Ist das vom Ansatz her richtig? Das Ergebniss kommt mir irgendwie komisch vor ...


----------



## tuxedo (8. Jul 2009)

Ping-Nachrichten sind ICMP Nachrichten und sind somit nicht direkt mit den TCP und UDP Packages die man mit Java senden kann vergleichbar.

Nebenbei hat Ping auch nicht das Ziel eine Transfergeschwindigkeit zu ermitteln. Ping misst viel eher die RoundTripTime die eine ICMP Nachricht HIN und wieder ZURÜCK braucht.

Google ist dein Freund


----------



## data89 (8. Jul 2009)

Aber müsste es nicht so gehen?

Gibt es denn nirgendwo eine Anleitung bzw. wohl eher eine theoretische Abhandlung für soetwas?


----------



## tuxedo (8. Jul 2009)

Du stellst dich an.. SOll ich dir vllt. n och den exakten Code liefern????

Deine "Technik" zum errechnen ist korrekt. Aber deine Technik zum messen ist falsch.

Schreib nen Java Client und nen Java Server. Der Client schickt XXX Bytes zum Server, welcher diese erwiedern muss. Am Client misst du wielange das braucht. Aus dem Wissen wieviel bytes du geschickt hast und wieviel Zeit vergangen ist kannst du die Geschwindigkeit ermitteln.
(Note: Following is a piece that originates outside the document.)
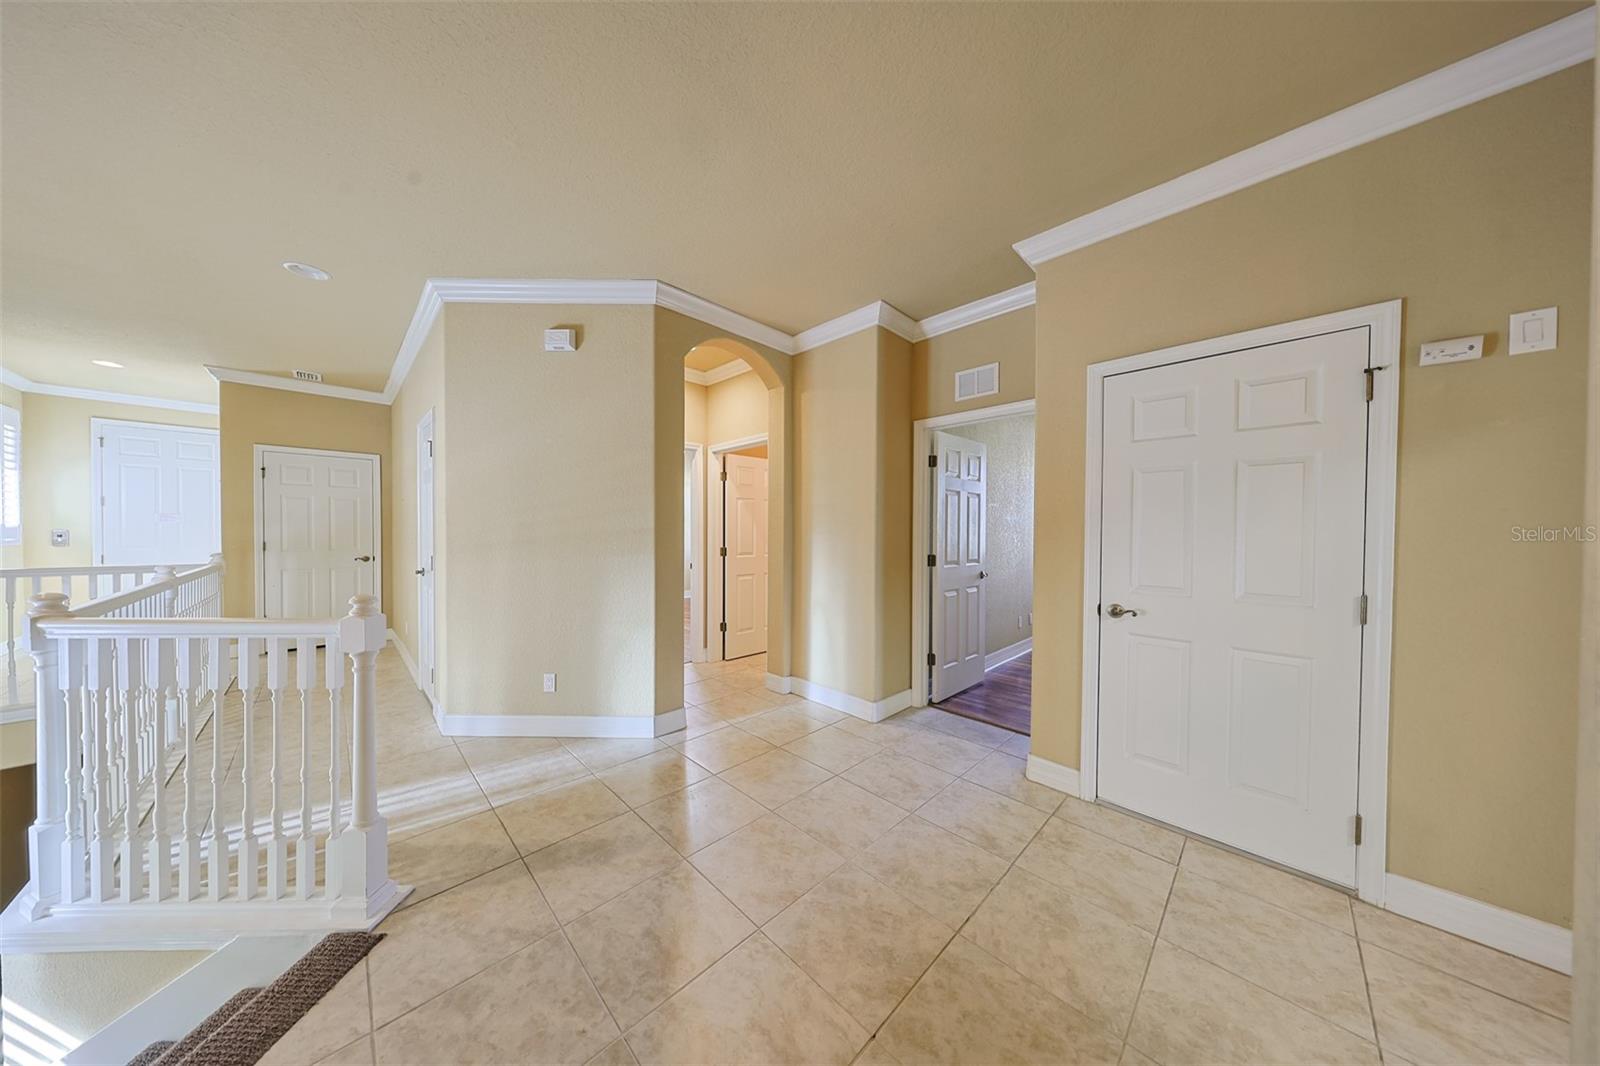 View of the foyer entrance and split floor plan bedrooms and guest bath to the right. In the far back left is the private elevator that comes from the garage. Notice the attractive crown molding that match the handrail.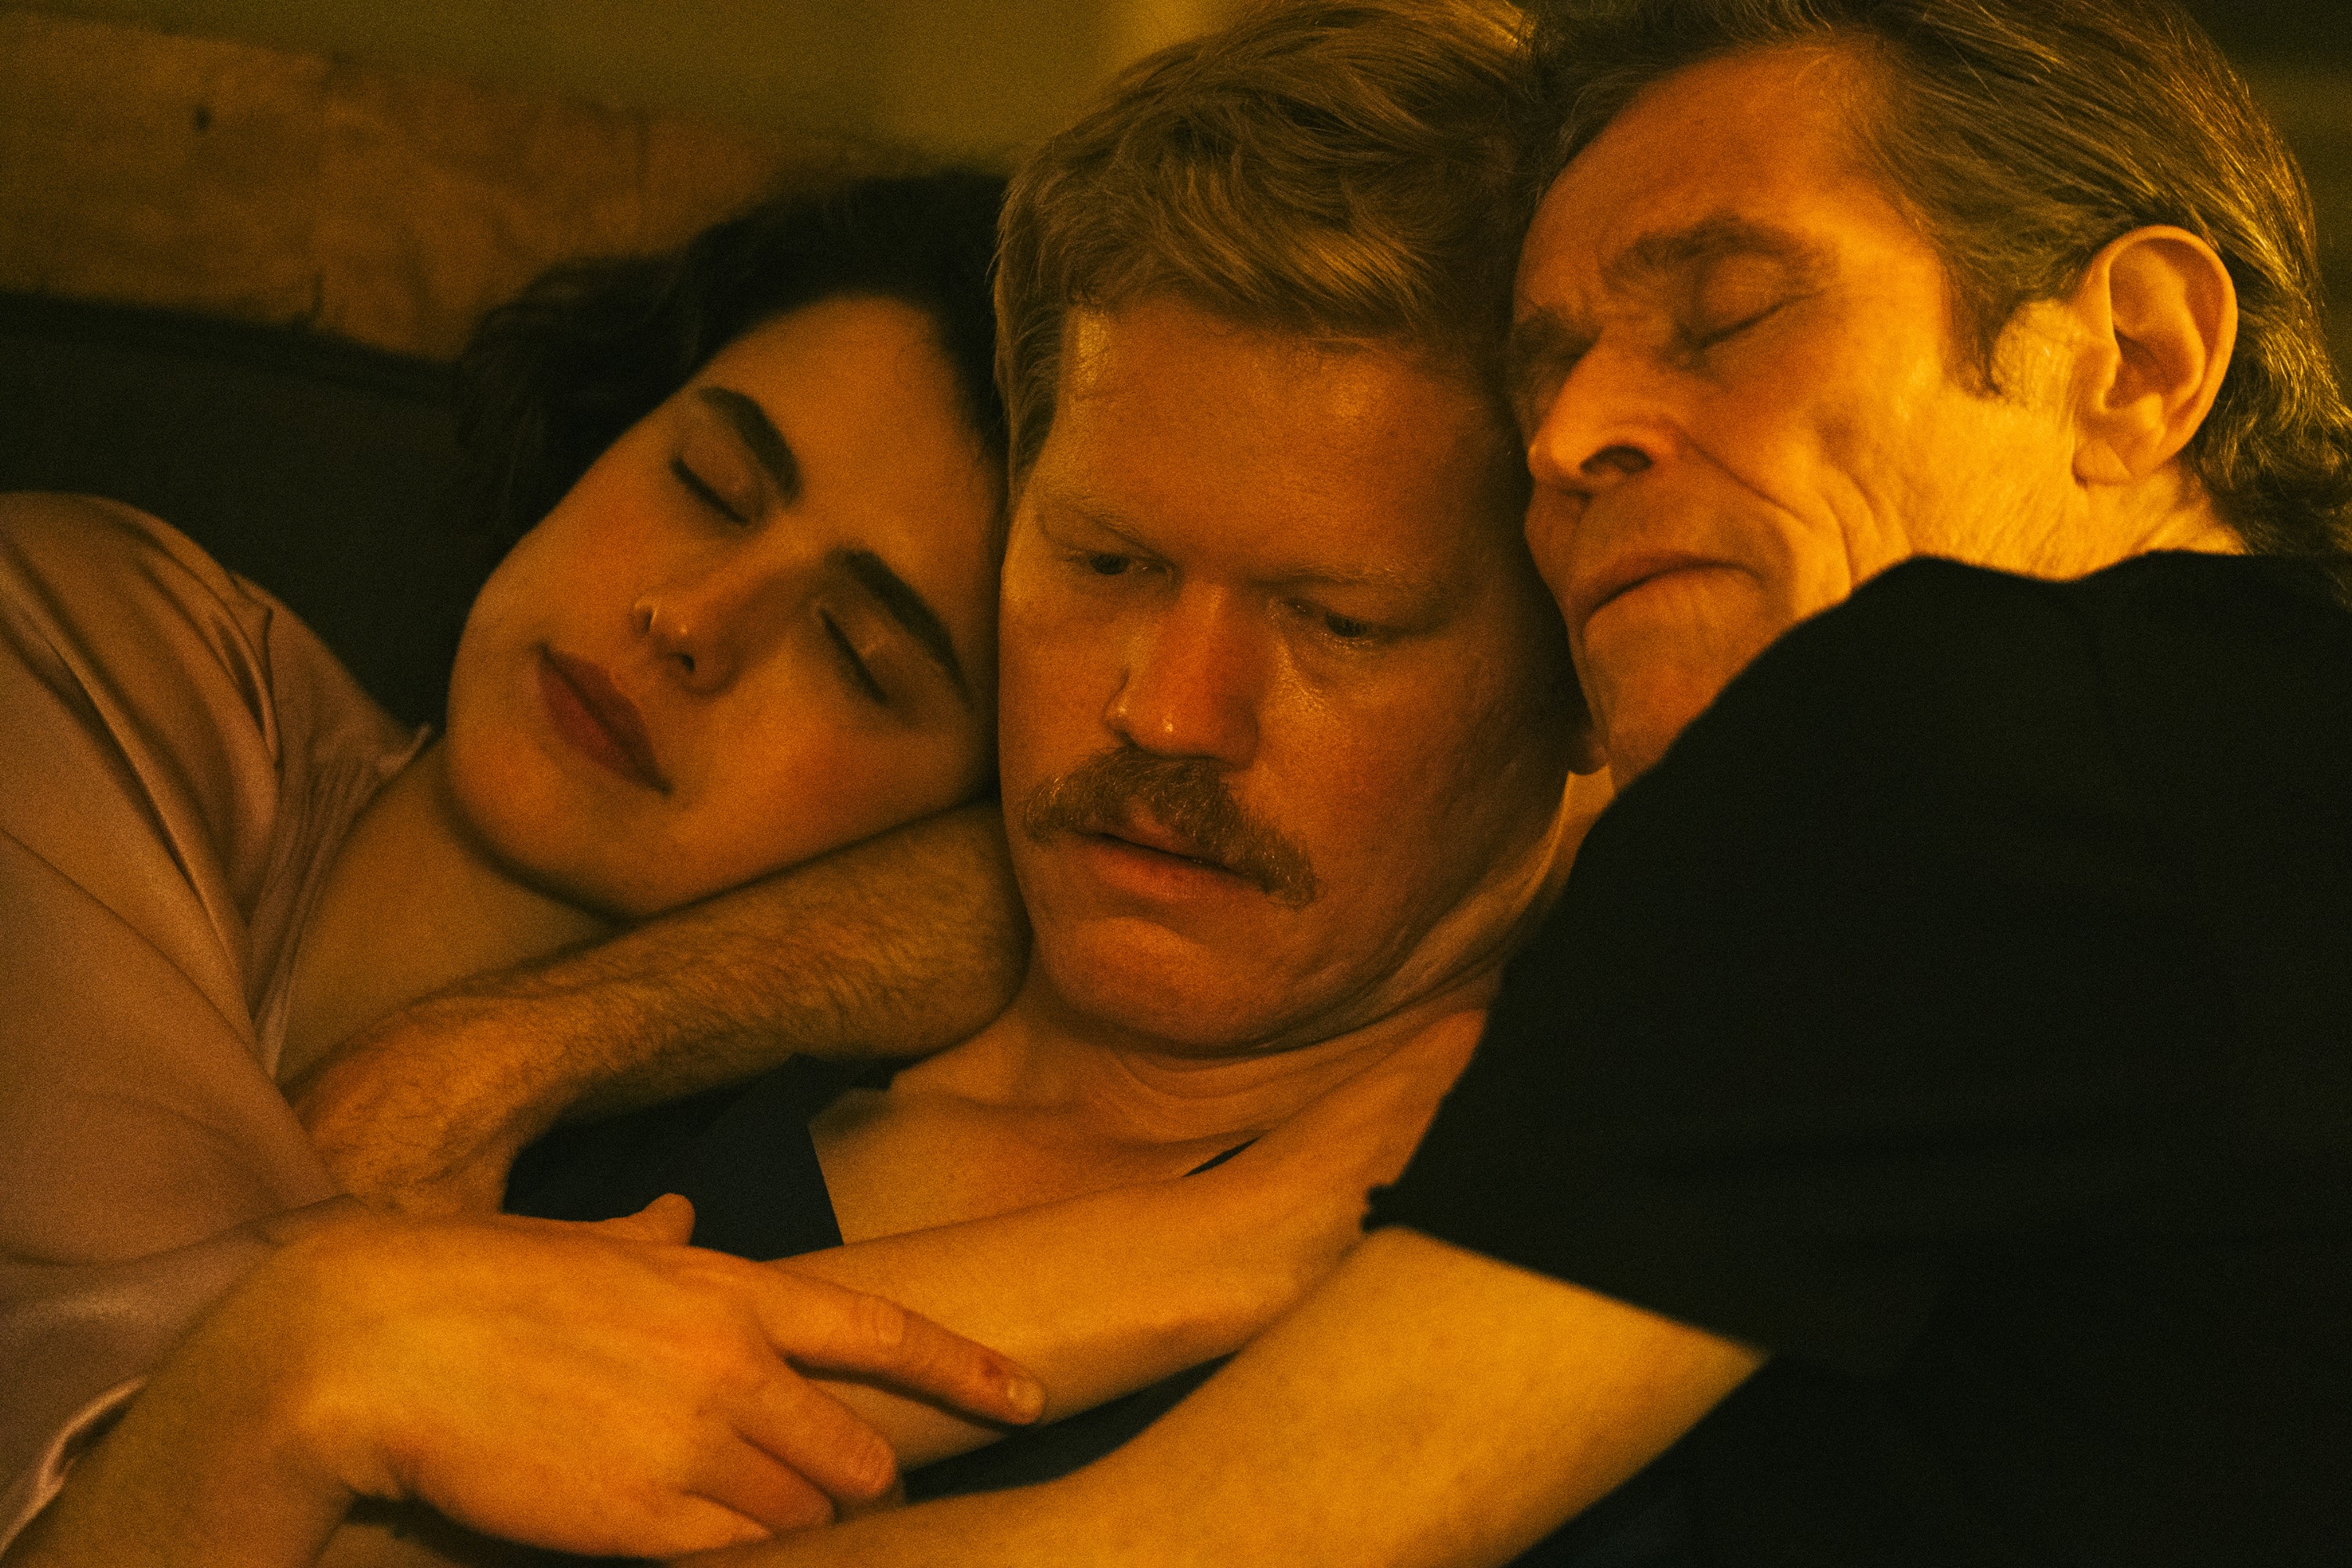 KINDS OF KINDNESS, from left: Margaret Qualley, Jesse Plemons, Willem Dafoe, 2024. © Searchlight Pictures / courtesy Everett Collection

Je nachdem welche Buffergröße du benutzt hast, welche Paketgröße du benutzt, ob der Nagle-Algo aktiv ist oder nicht, ob du UDP oder TCP benutzt oder nicht, je nachdem wird das Ergebnis ausfallen.

- Alex


----------



## data89 (8. Jul 2009)

Danke für Deine Geduld mit mir


----------